[WORK REQUEST]: The pictures stay out; all of the data is to be printed exactly.

[DATASET EXTRACT]:
- - - -
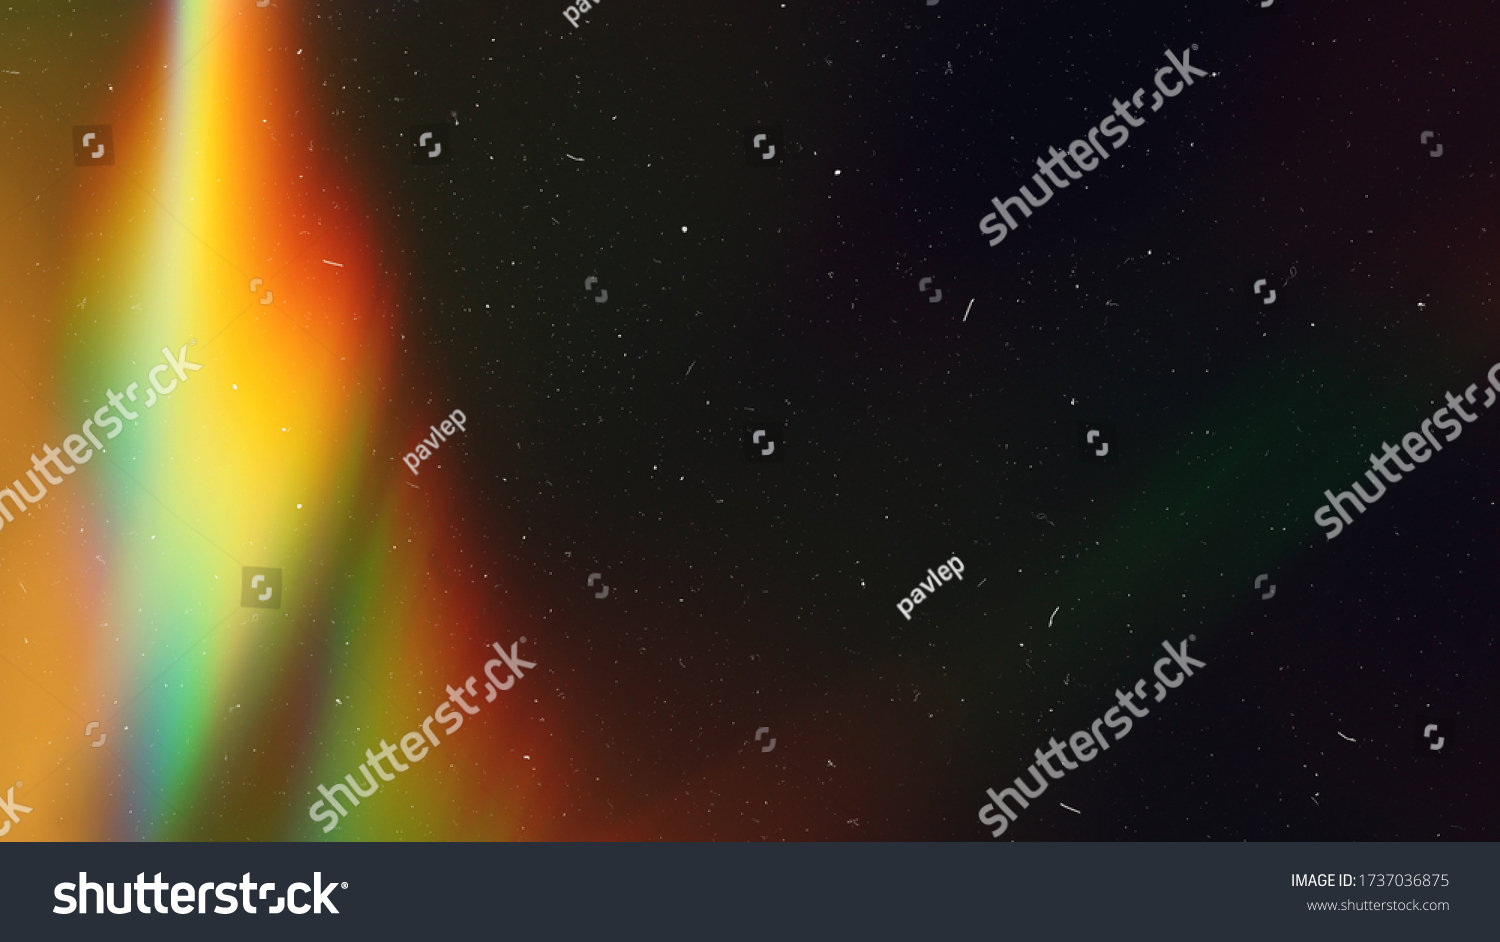 Rainbow Lens Optical Flare Film Dust Overlay Effect Vintage Abstract Bokeh Light Leaks Photo Retro Camera Defocused Blur Reflection Bright Sunlights. Use Screen Overlay Mode for Photo Processing. #1737036875
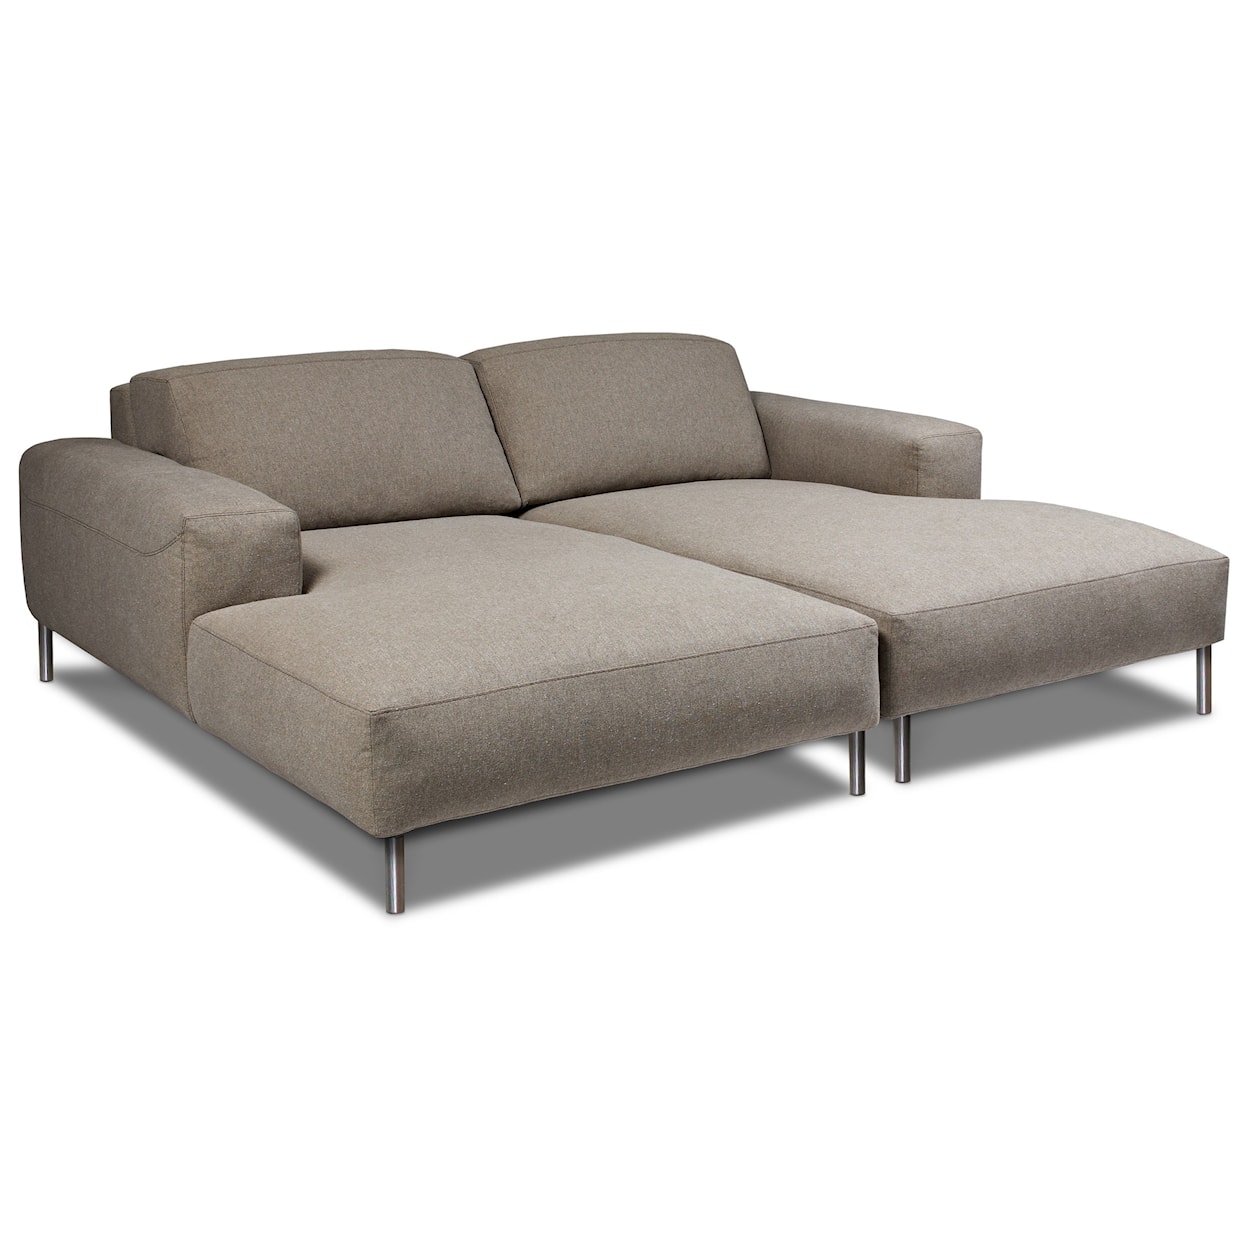 American Leather Meyer 2-Seat Pit Style Sectional Sofa
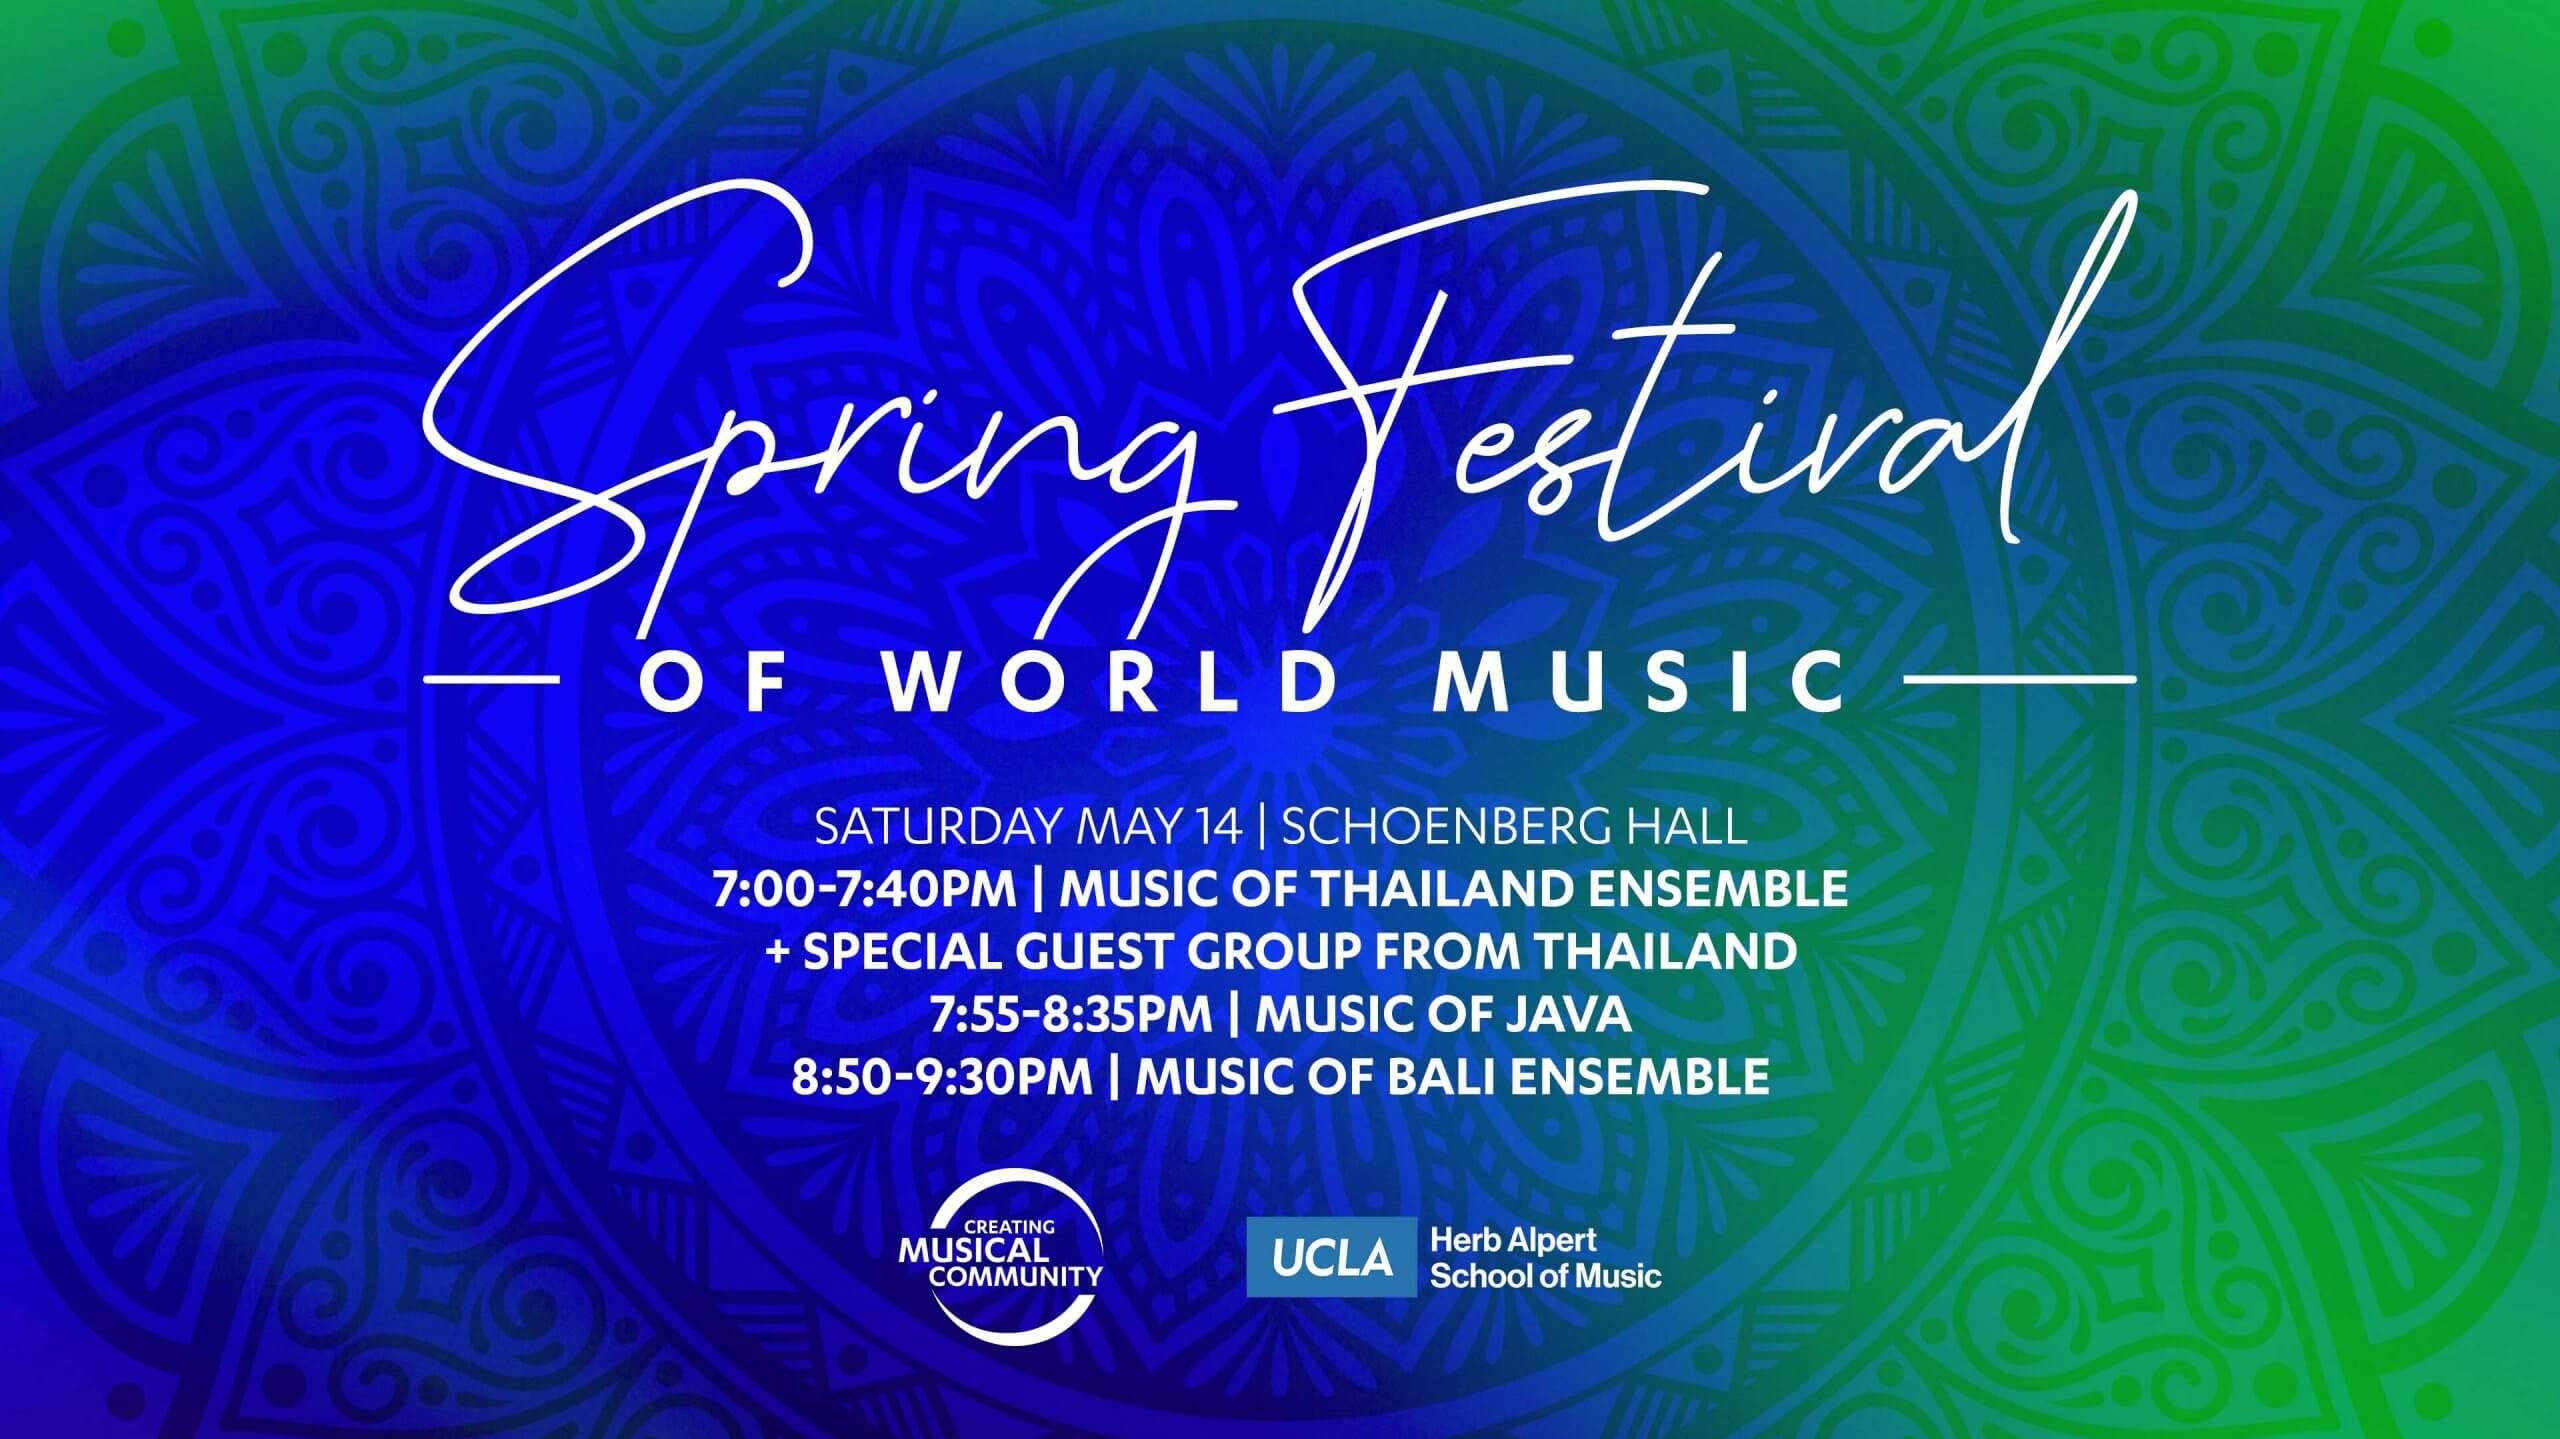 Music of Bali Java and Thailand Ensembles with Special Guest
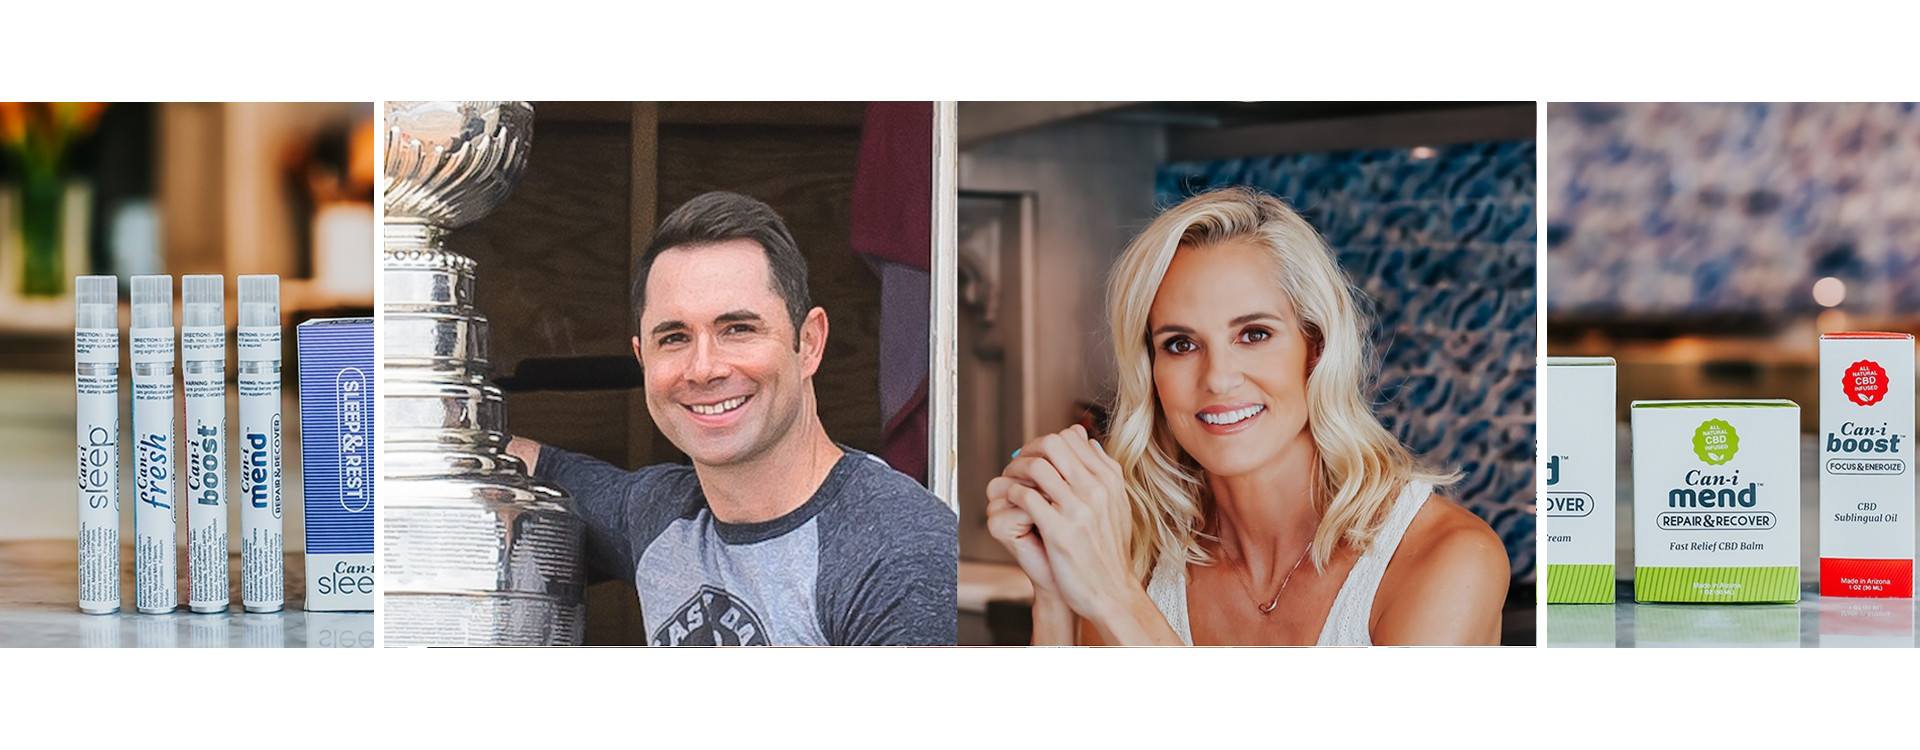 A Conversation About CBD & Wellness with Dara Torres & Andy O’Brien Sunday, Sept 29th
- - - -
[EXERCISE RESPONSE]:
 Rainbow Lens Optical Flare Film Dust Overlay Effect Vintage Abstract Bokeh Light Leaks Photo Retro Camera Defocused Blur Reflection Bright Sunlights. Use Screen Overlay Mode for Photo Processing. #1737036875
 American Leather Meyer 2-Seat Pit Style Sectional Sofa
 Music of Bali Java and Thailand Ensembles with Special Guest
 A Conversation About CBD & Wellness with Dara Torres & Andy O’Brien Sunday, Sept 29th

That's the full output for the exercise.